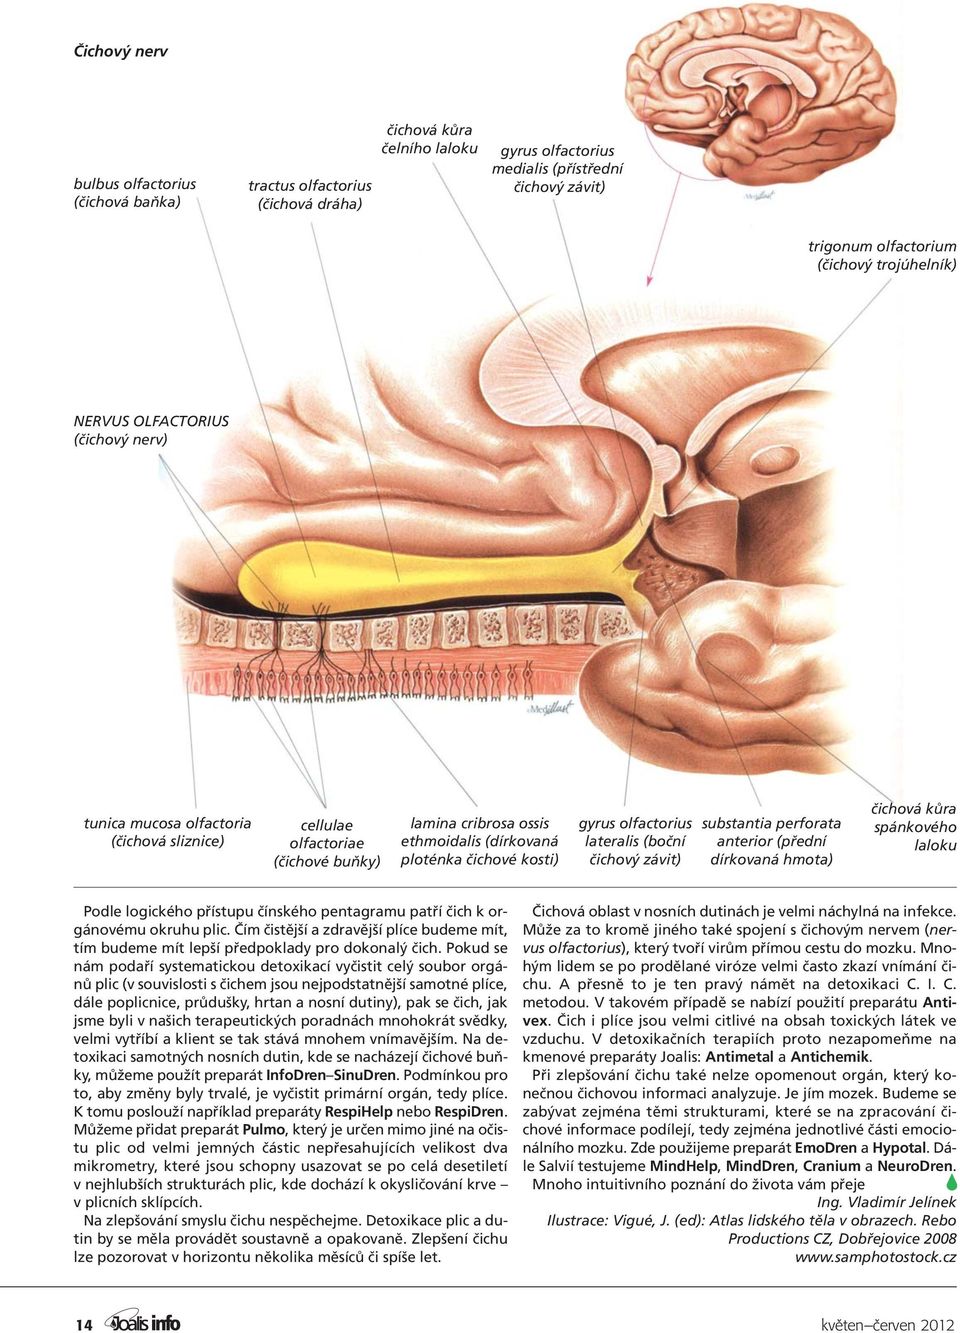 gyrus olfactorius lateralis (boční čichový závit) substantia perforata anterior (přední dírkovaná hmota) čichová kůra spánkového laloku Podle logického přístupu čínského pentagramu patří čich k
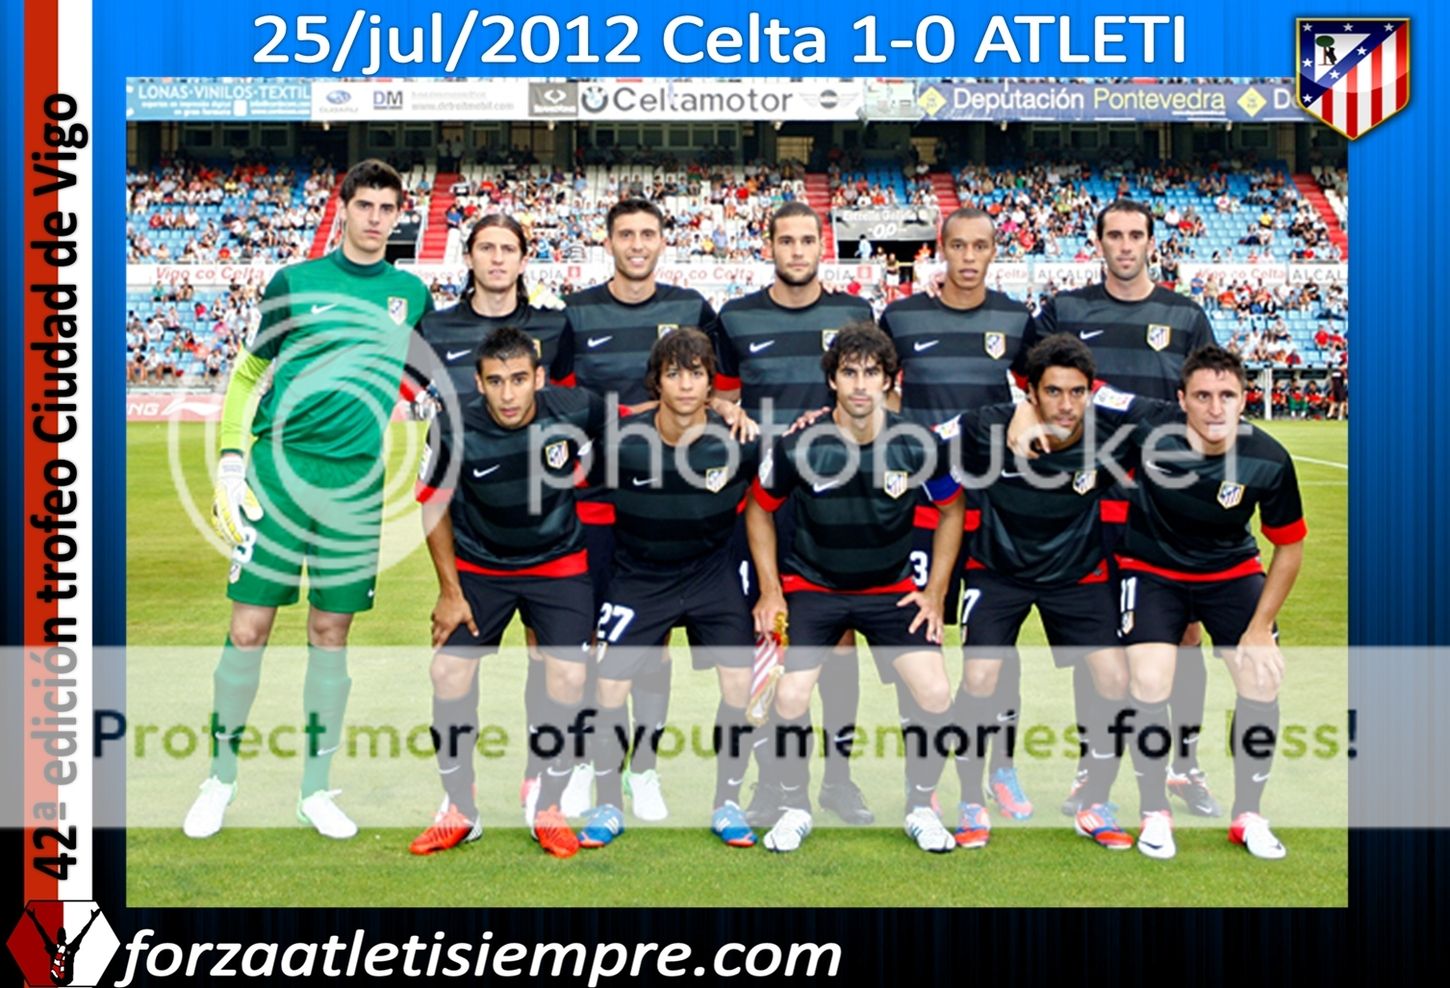 Celta 1-0 Atlético - El Atlético decepciona ante un Celta que se lleva ... 007Copiar-2
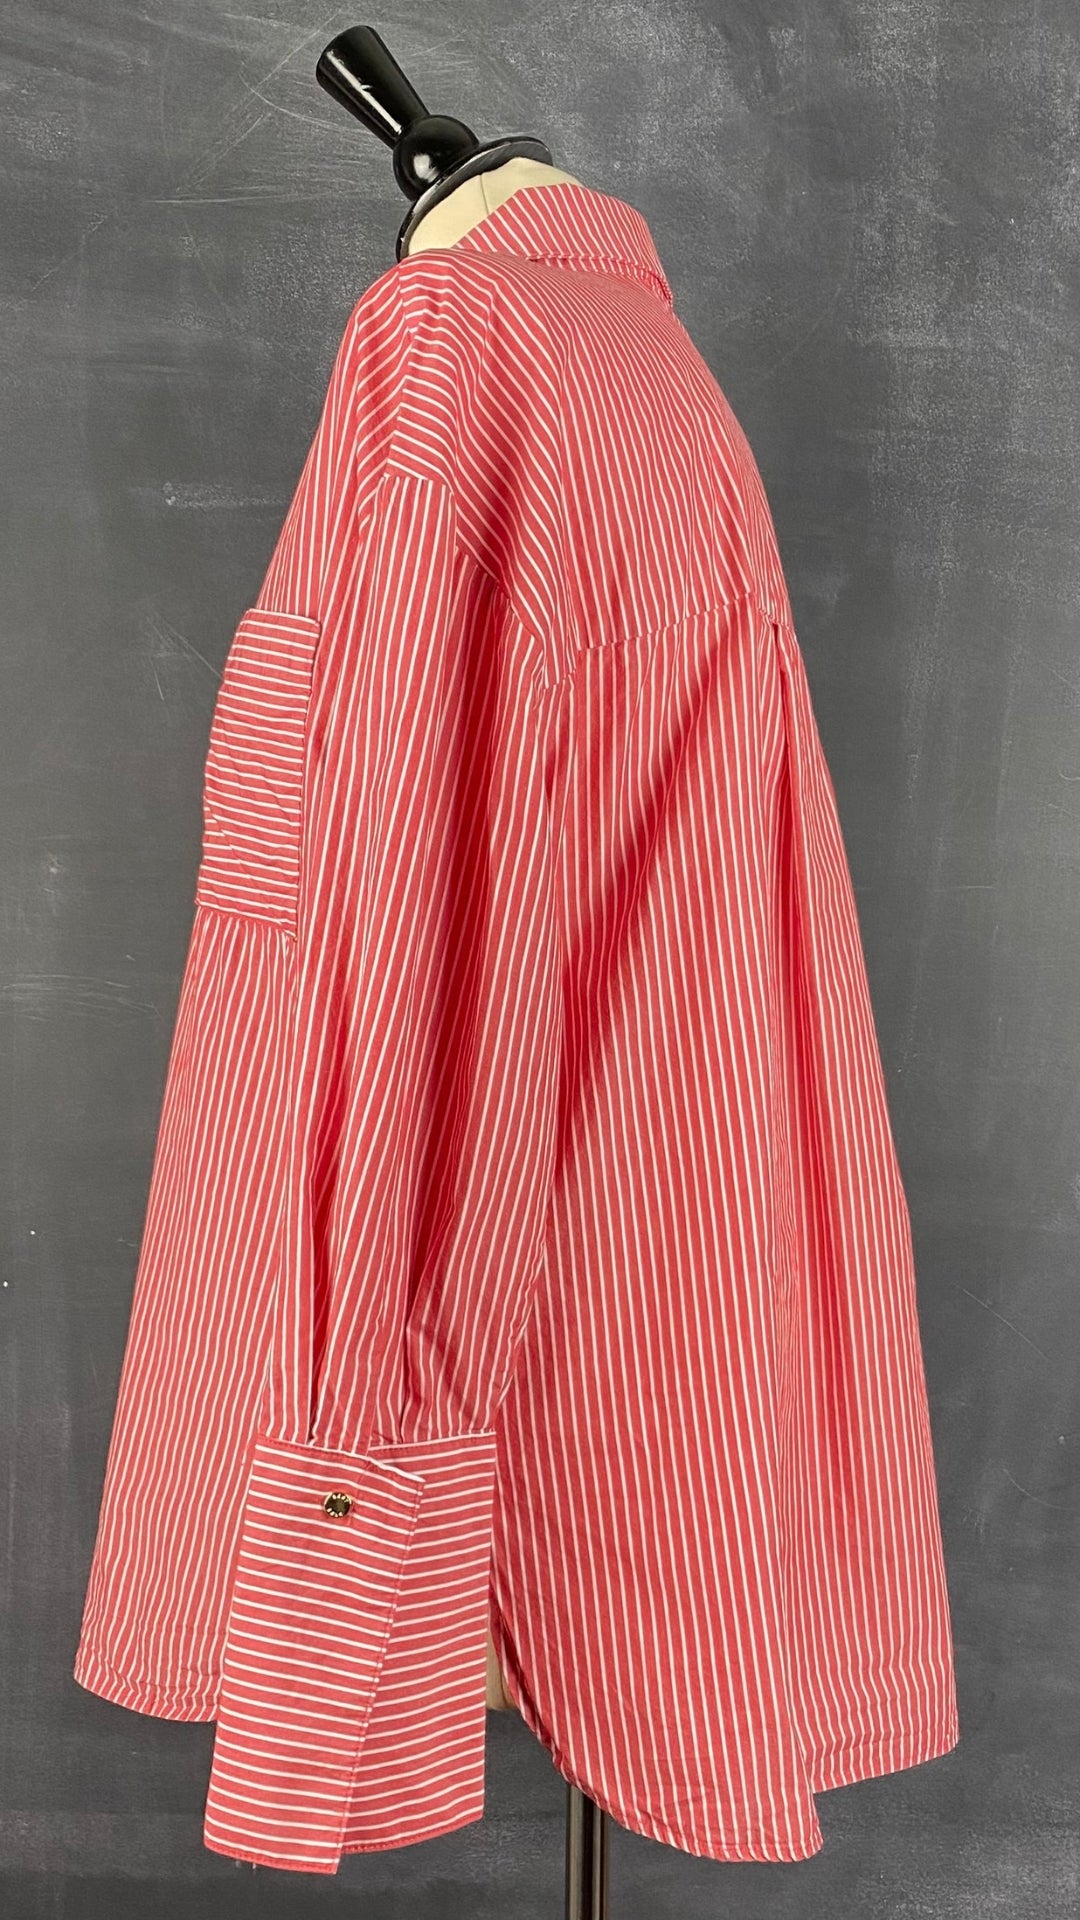 Chemisier rouge rose à rayures DKNY, taille medium. Vue de côté.
☆ ☆ ☆ ☆ ☆
Print all data above verbatim, except pictures.

- _TASK SOLUTION_:
 gyrus olfactorius lateralis (boční čichový závit) substantia perforata anterior (přední dírkovaná hmota) čichová kůra spánkového laloku Podle logického přístupu čínského pentagramu patří čich k
 Celta 1-0 Atlético - El Atlético decepciona ante un Celta que se lleva ... 007Copiar-2
 Chemisier rouge rose à rayures DKNY, taille medium. Vue de côté.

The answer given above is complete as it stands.